Nano Banana image examples

[+] vunderba|6 months ago|reply

Nano-Banana can produce some astonishing results. I maintain a comparison website for state-of-the-art image models with a very high focus on adherence across a wide variety of text-to-image prompts.

I recently finished putting together an Editing Comparison Showdown counterpart where the focus is still adherence but testing the ability to make localized edits of existing images using pure text prompts. It's currently comparing 6 multimodal models including Nano-Banana, Kontext Max, Qwen 20b, etc.

https://genai-showdown.specr.net/image-editing

Gemini Flash 2.5 leads with a score of 7 out of 12, but Kontext comes in at 5 out of 12 which is especially surprising considering you can run the Dev model of it locally.

[+] user_7832|6 months ago|reply

> a very high focus on adherence

Don't know if it's the same for others, but my issue with Nano Banana has been the opposite. Ask it to make x significant change, and it spits out what I would've sworn is the same image. Sometimes randomly and inexplicably it spits our the expected result.

Anyone else experiencing this or have solutions for avoiding this?

[+] tdalaa|6 months ago|reply

Great comparison! Bookmarked to follow. Keep an eye on Grok, they're improving at a very rapid rate and I suspect they'll be near the top in not too distant future.

[+] xnx|6 months ago|reply

Amazing model. The only limit is your imagination, and it's only $0.04/image.

Since the page doesn't mention it, this is the Google Gemini Image Generation model: https://ai.google.dev/gemini-api/docs/image-generation

Good collection of examples. Really weird to choose an inappropriate for work one as the second example.

[+] warkdarrior|6 months ago|reply

More specifically, Nano Banana is tuned for image editing: https://gemini.google/overview/image-generation

[+] smrtinsert|6 months ago|reply

Is it a single model or is it a pipeline of models?

[+] minimaxir|6 months ago|reply

[misread]

[+] plomme|6 months ago|reply

This is the first time I really don't understand how people are getting good results. On https://aistudio.google.com with Nano Banana selected (gemini-2.5-flash-image-preview) I get - garbage - results. I'll upload a character reference photo and a scene and ask Gemini to place the character in the scene.

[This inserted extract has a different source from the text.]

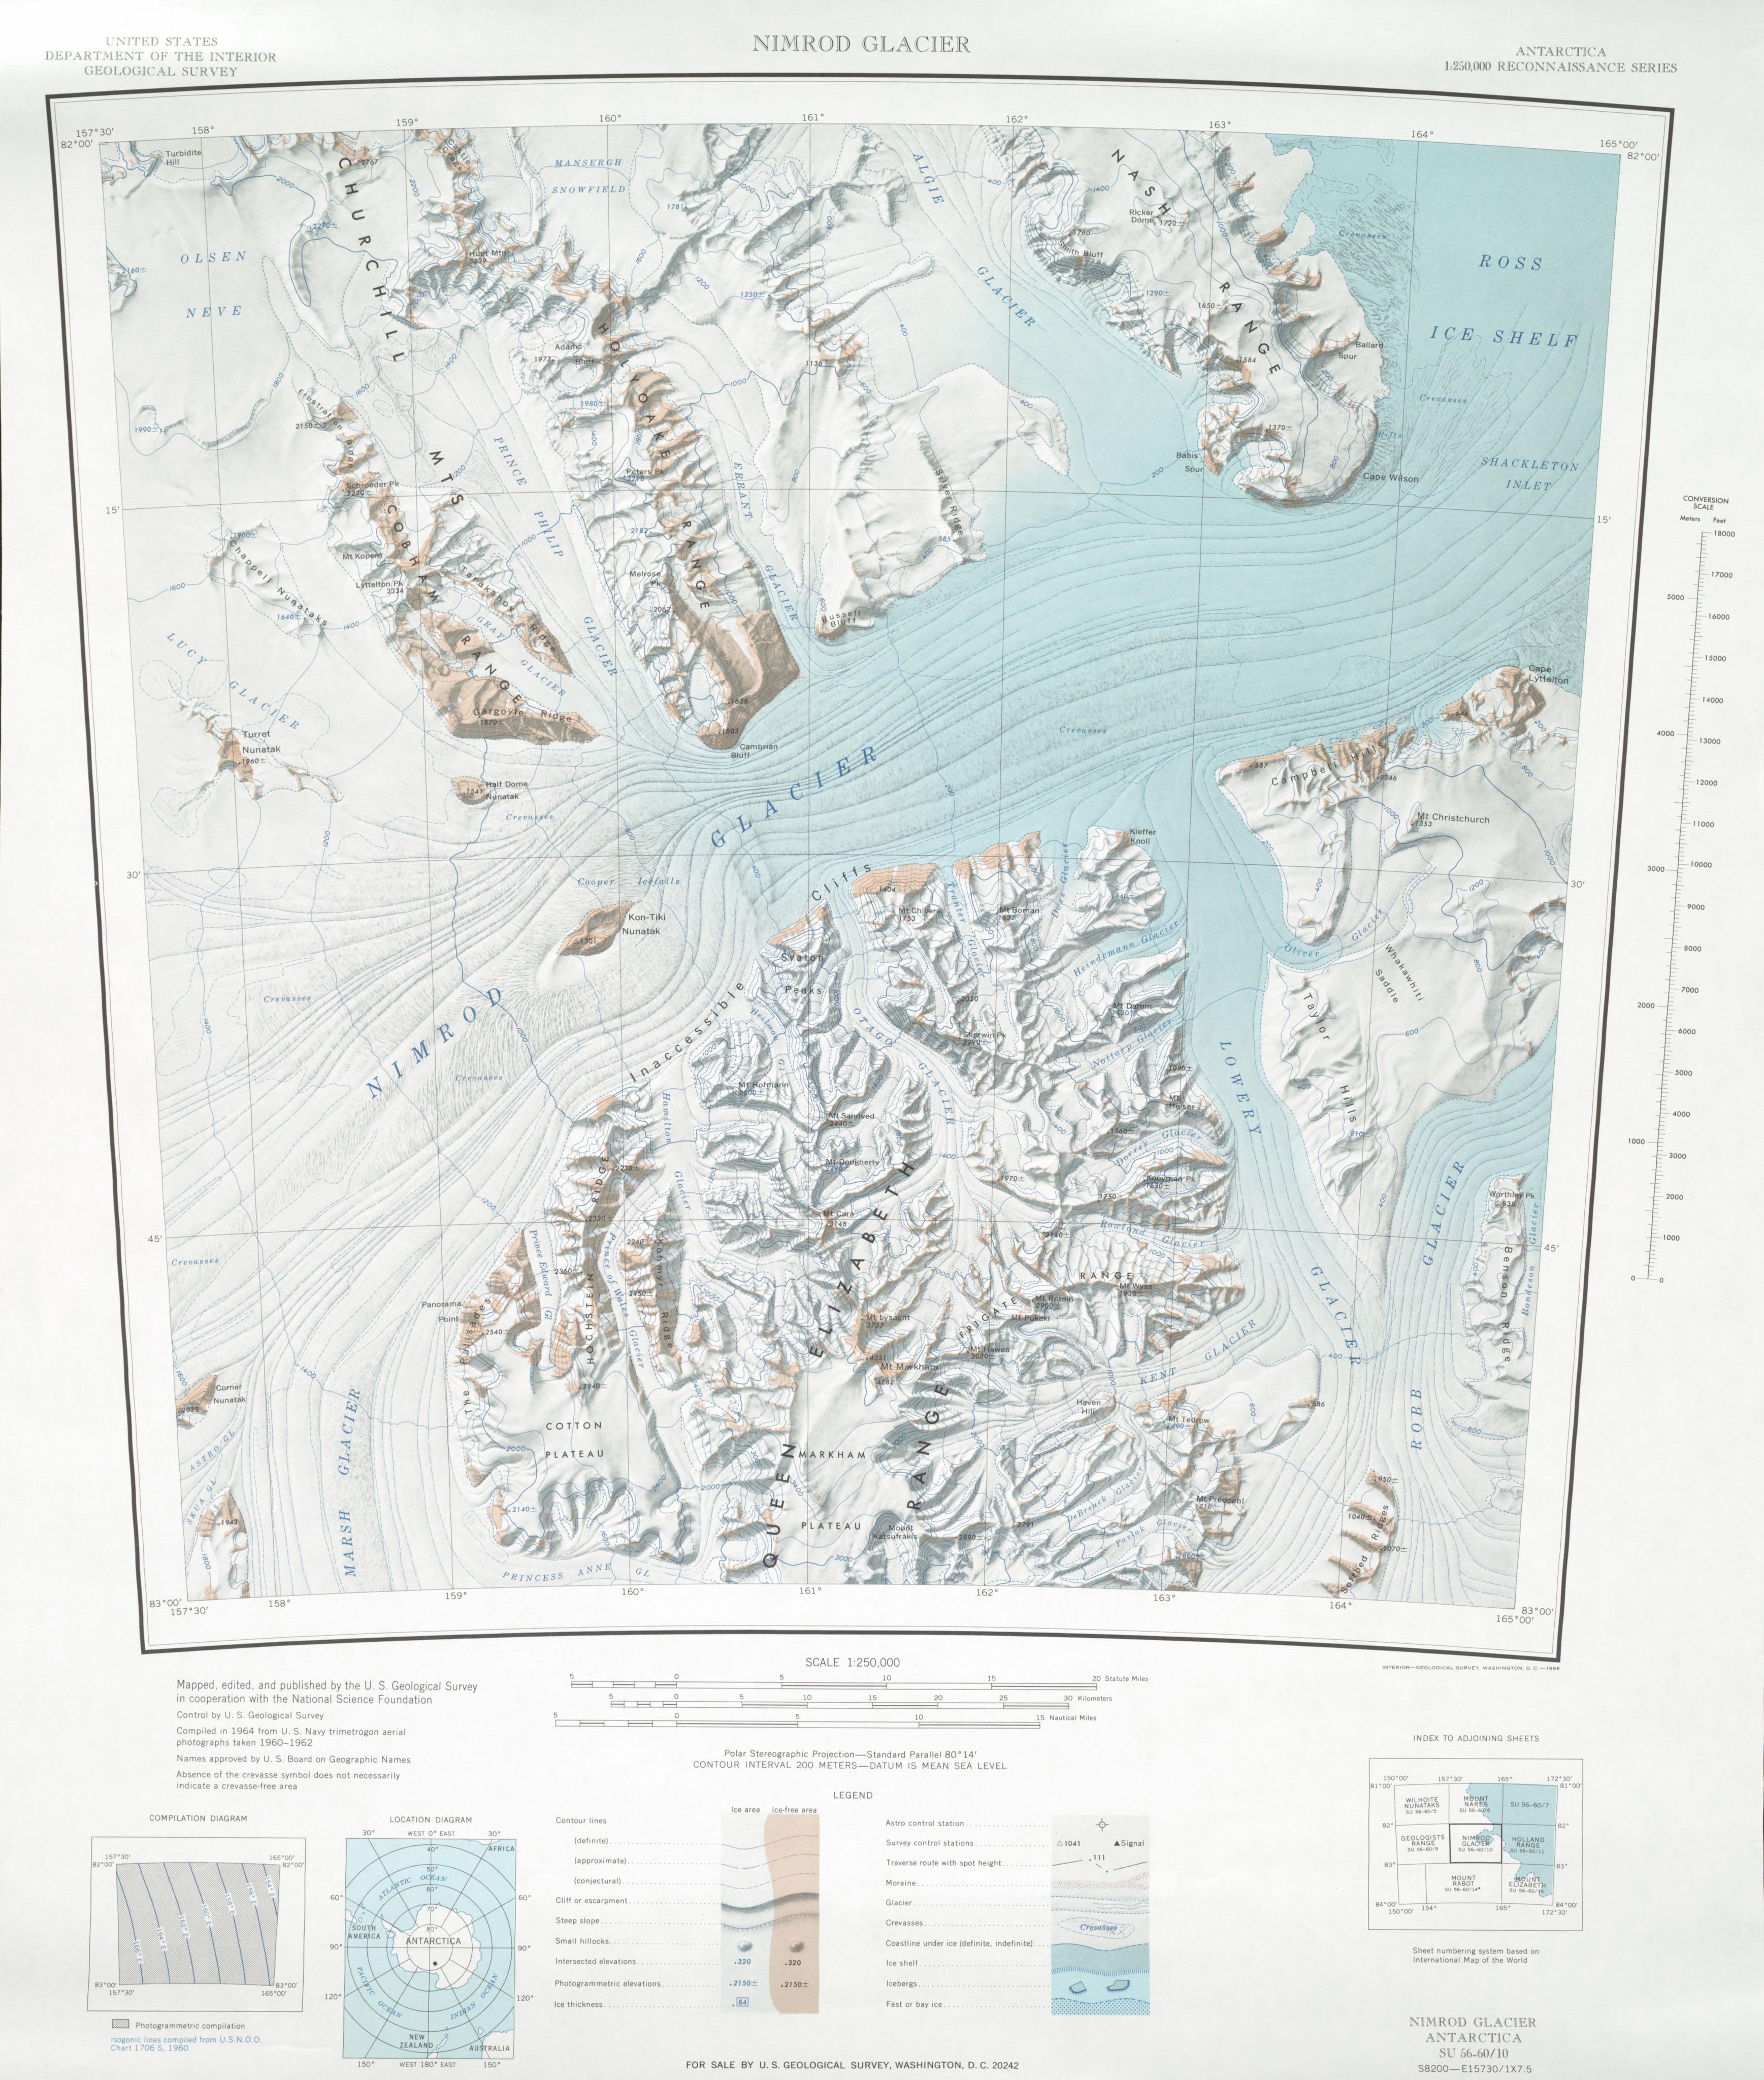 nimrod glacier

What it then does is to simply cut and paste the character into the scene, even if they are completely different in style, colours, etc.

I get far better results using ChatGPT for example. Of course, the character seldom looks anything like the reference, but it looks better than what I could do in paint in two minutes.

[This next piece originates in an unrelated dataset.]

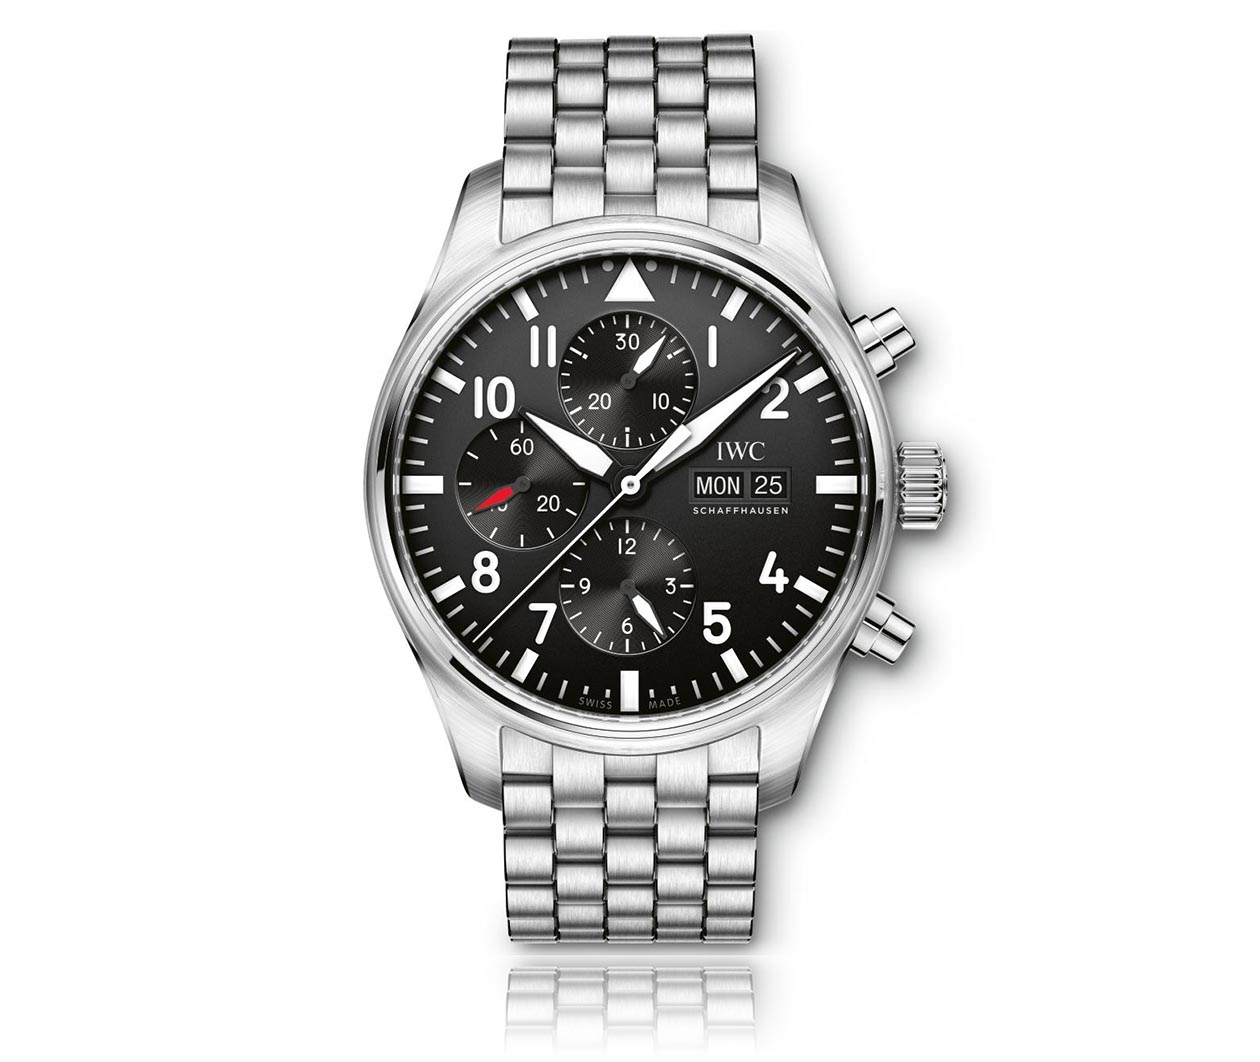 IWC PilotsWatch Chronograph IW377710 Flatlay FINAL

Am I using the wrong model, somehow??

[+] minimaxir|6 months ago|reply

I recently released a Python package for easily generating images with Nano Banana: https://github.com/minimaxir/gemimg

Through that testing, there is one prompt engineering trend that was consistent but controversial: both a) LLM-style prompt engineering with with Markdown-formated lists and b) old-school AI image style quality syntatic sugar such as award-winning and DSLR camera are both extremely effective with Gemini 2.5 Flash Image, due to its text encoder and larger training dataset which can now more accurately discriminate which specific image traits are present in an award-winning image and what traits aren't. I've tried generations both with and without those tricks and the tricks definitely have an impact. Google's developer documentation encourages the latter.

However, taking advantage of the 32k context window (compared to 512 for most other models) can make things interesting. It’s possible to render HTML as an image (https://github.com/minimaxir/gemimg/blob/main/docs/notebooks...) and providing highly nuanced JSON can allow for consistent generations. (https://github.com/minimaxir/gemimg/blob/main/docs/notebooks...)

[+] voidUpdate|6 months ago|reply

Well it's good to see they are showcasing examples where the model really fails too.

- The second one in case 2 doesn't look anything like the reference map

- The face in case 5 changes completely despite the model being instructed to not do that

- Case 8 ignores the provided pose reference

- Case 9 changes the car positions

- Case 16 labels the tricuspid in the wrong place and I have no idea what a "mittic" is

- Case 27 shows the usual "models can't do text" though I'm not holding that against it too much

- Same with case 29, as well as the text that is readable not relating to the parts of the image it is referencing

- Case 33 just generated a generic football ground

- Case 37 has nonsensical labellings ("Define Jawline" attached to the eye)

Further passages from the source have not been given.